For Olivia Griffin, BSN ’67, travel has been its own kind of classroom. And with the newly created Olivia Womble Griffin Global Nursing Scholarship, she will broaden the horizons of nursing students for years to come.
Griffin’s scholarship will support a global health experience for an undergraduate nursing student each year, an idea inspired by Griffin’s own experiences caring for underserved patients in Africa and Bolivia.
“The beauty of giving back to the School of Nursing is that you can pair what you’re interested in with what the students at the school need,” she says. “I’ve been going to various countries to work in clinical settings all my adult life, and experiencing nursing abroad is a valuable learning experience so unlike just being a tourist.”

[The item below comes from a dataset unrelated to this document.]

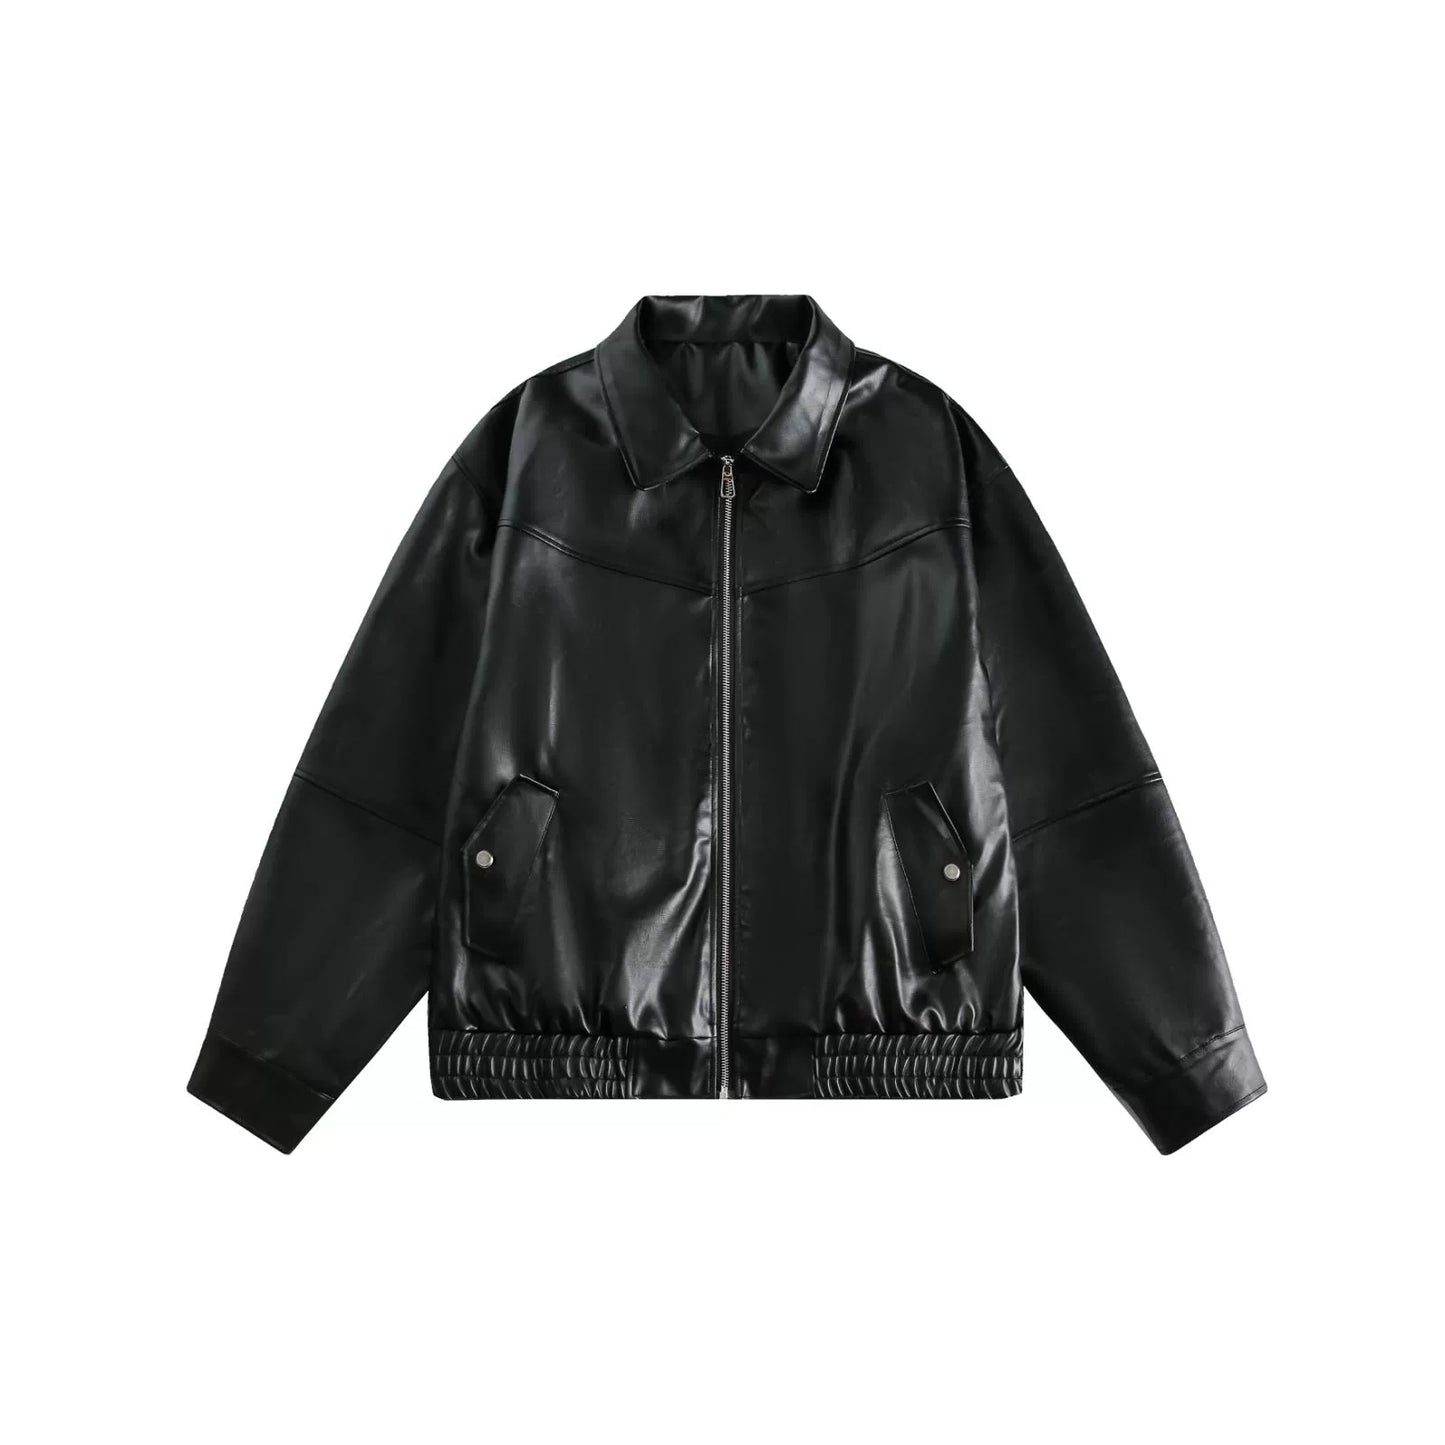 American Retro Black Leather Jacket

Griffin is part of the School’s dynamic Class of 1967, a group that has remained close to one another – and the School – for more than 50 years. She says this scholarship is how she can honor those relationships and show gratitude for her nursing education.

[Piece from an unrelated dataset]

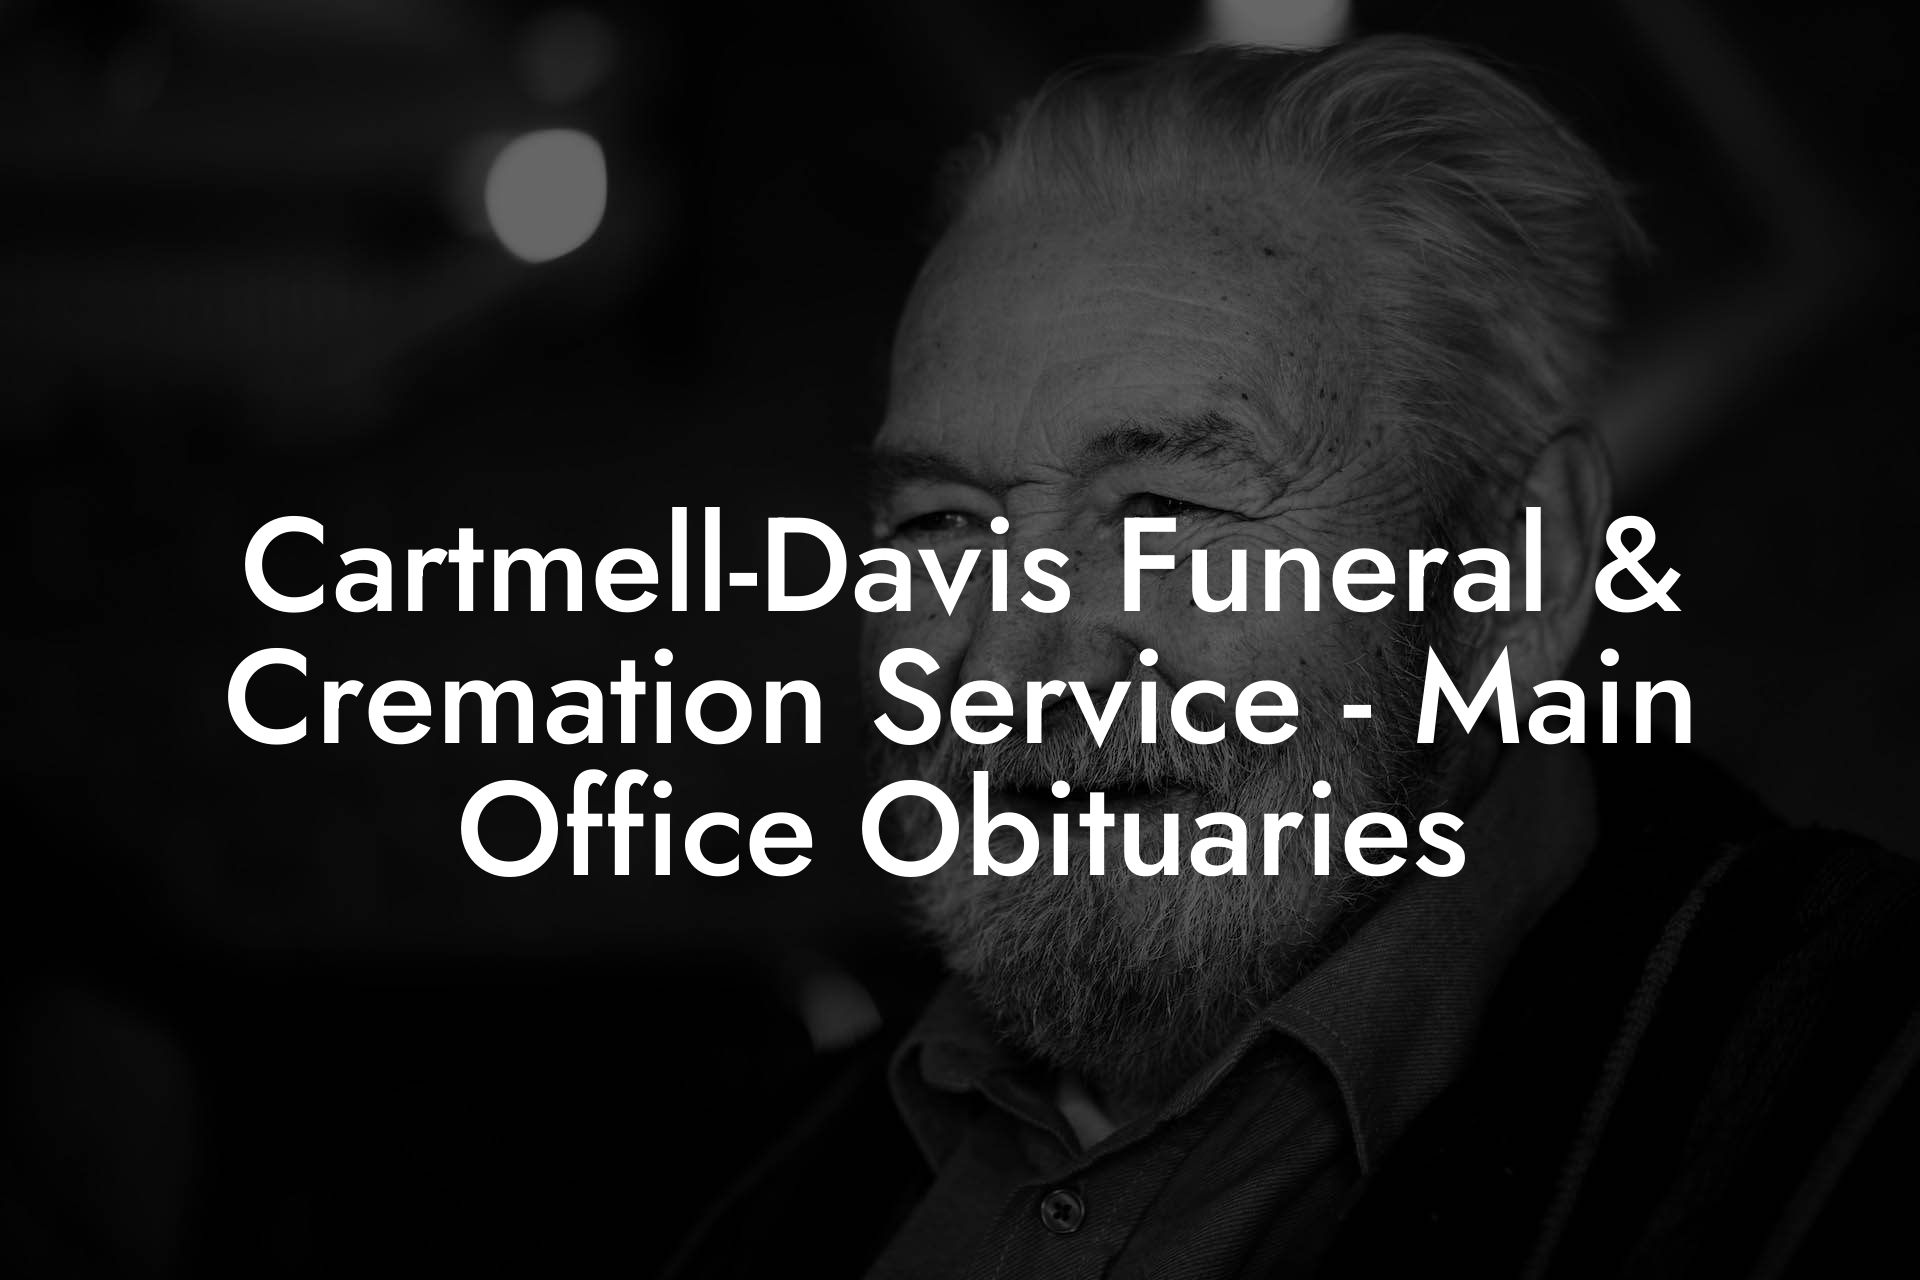 Cartmell-Davis Funeral & Cremation Service - Main Office Obituaries

When Griffin was in her late 20s and working as a nurse in the Catawba County health department, she was encouraged to go on a mission trip. Coming from rural Scotland County in southeast North Carolina to Chapel Hill as a student had already been “quite a jolt,” she says.

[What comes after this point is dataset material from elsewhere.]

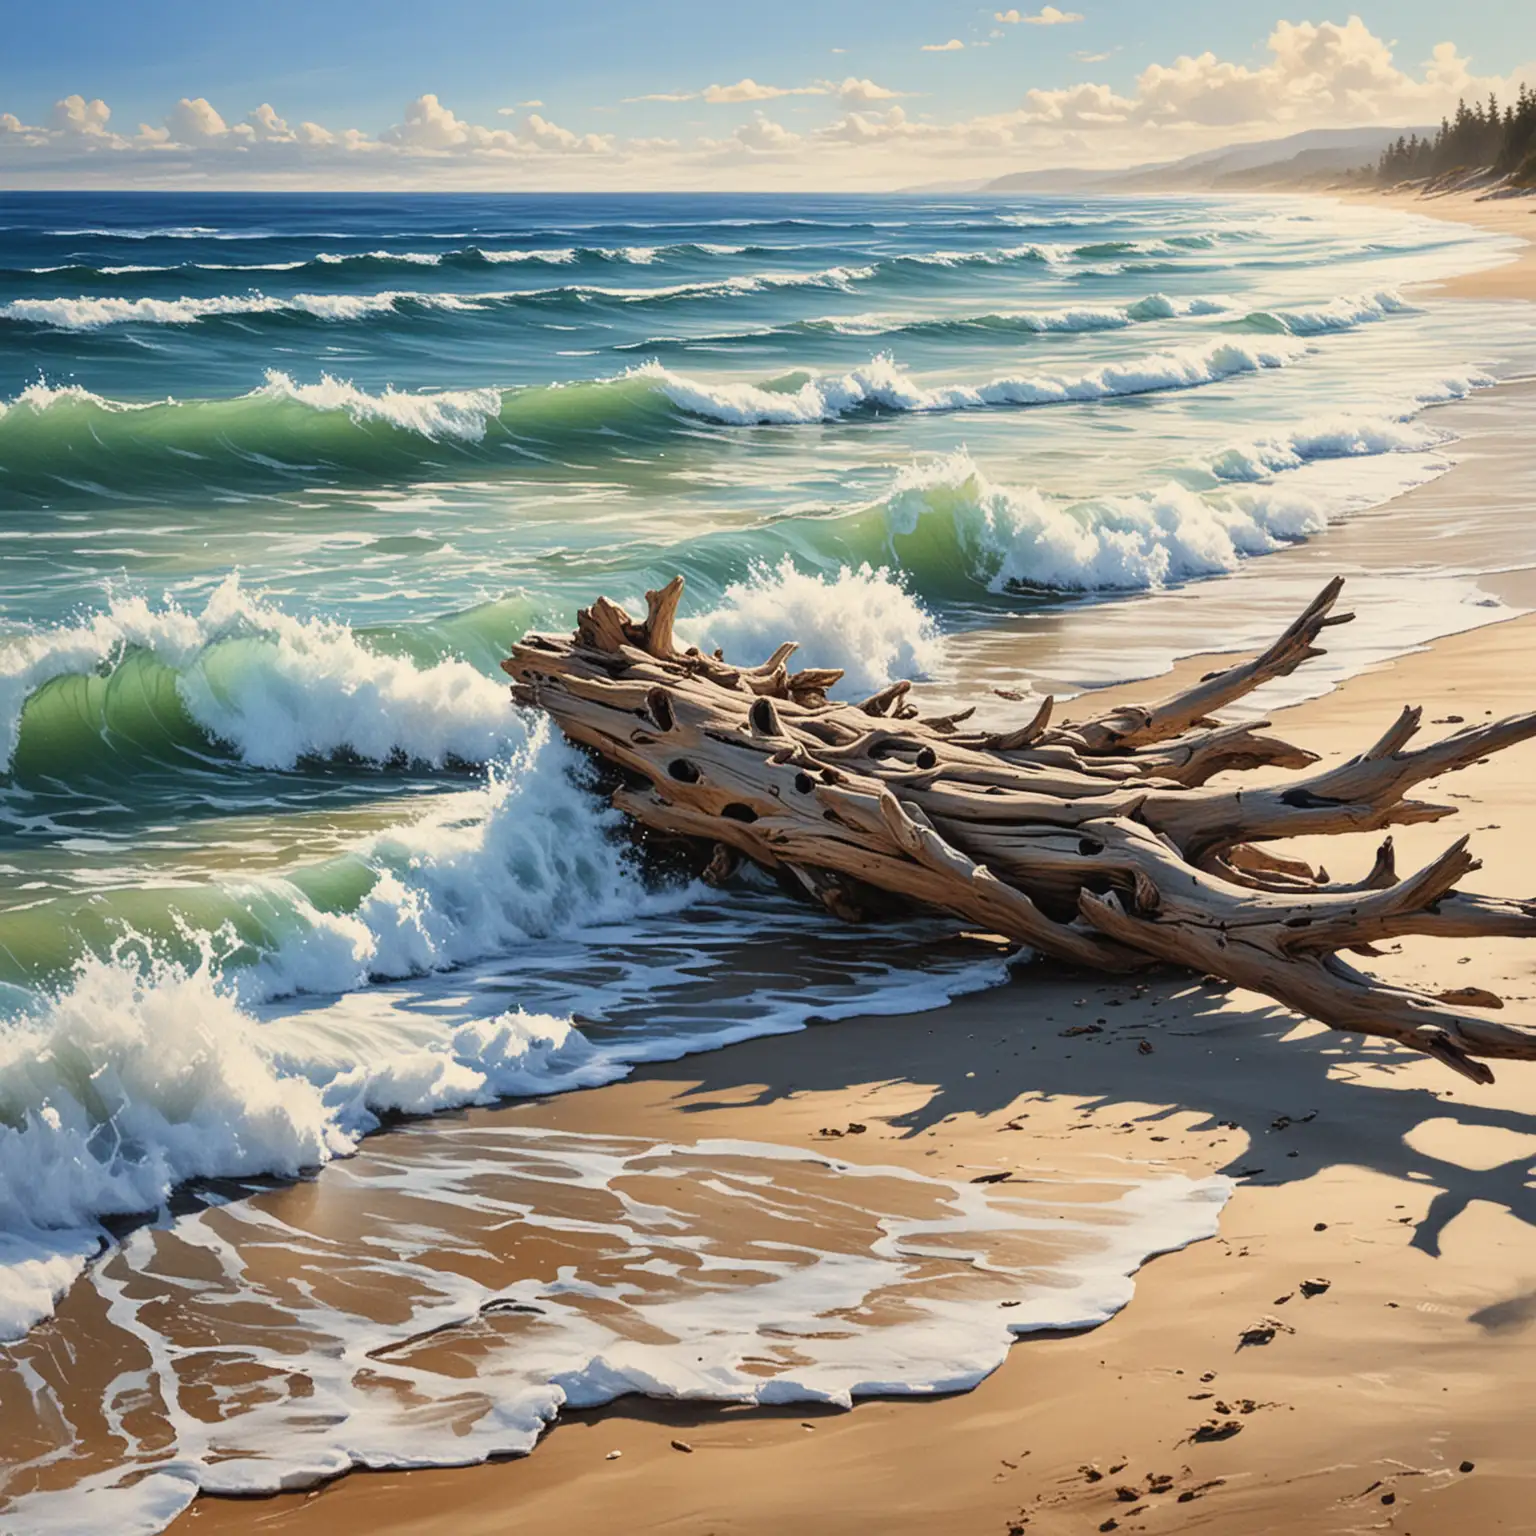 Seaside Serenity Driftwood Art on Sandy Beach with Rolling Blue Ocean Waves

“There was little diversity in that small town and coming to Carolina broadened my outlook.”
Serving patients in another country further opened her eyes, giving her a deep affection for other cultures. Griffin fell in love with helping patients abroad, and with her husband, an ophthalmologist, she has traveled across the world many times to treat underserved populations. Together they have inspired their children and grandchildren to embark on mission trips through church and clubs, as well.
Not all students have the means or opportunity to travel, Griffin says. It’s difficult to have global experiences when you’re in school, and you have to work. This scholarship is intended to ease that burden and allow for learning in new and meaningful ways.
“This is what I can do for our students,” she says. “I would hope that it opens their eyes to the differences in cultures and allows them to appreciate those differences while realizing we all have the same basic needs. I hope they will be touched by what they can receive by being in places that are so unlike what we have here in the United States.”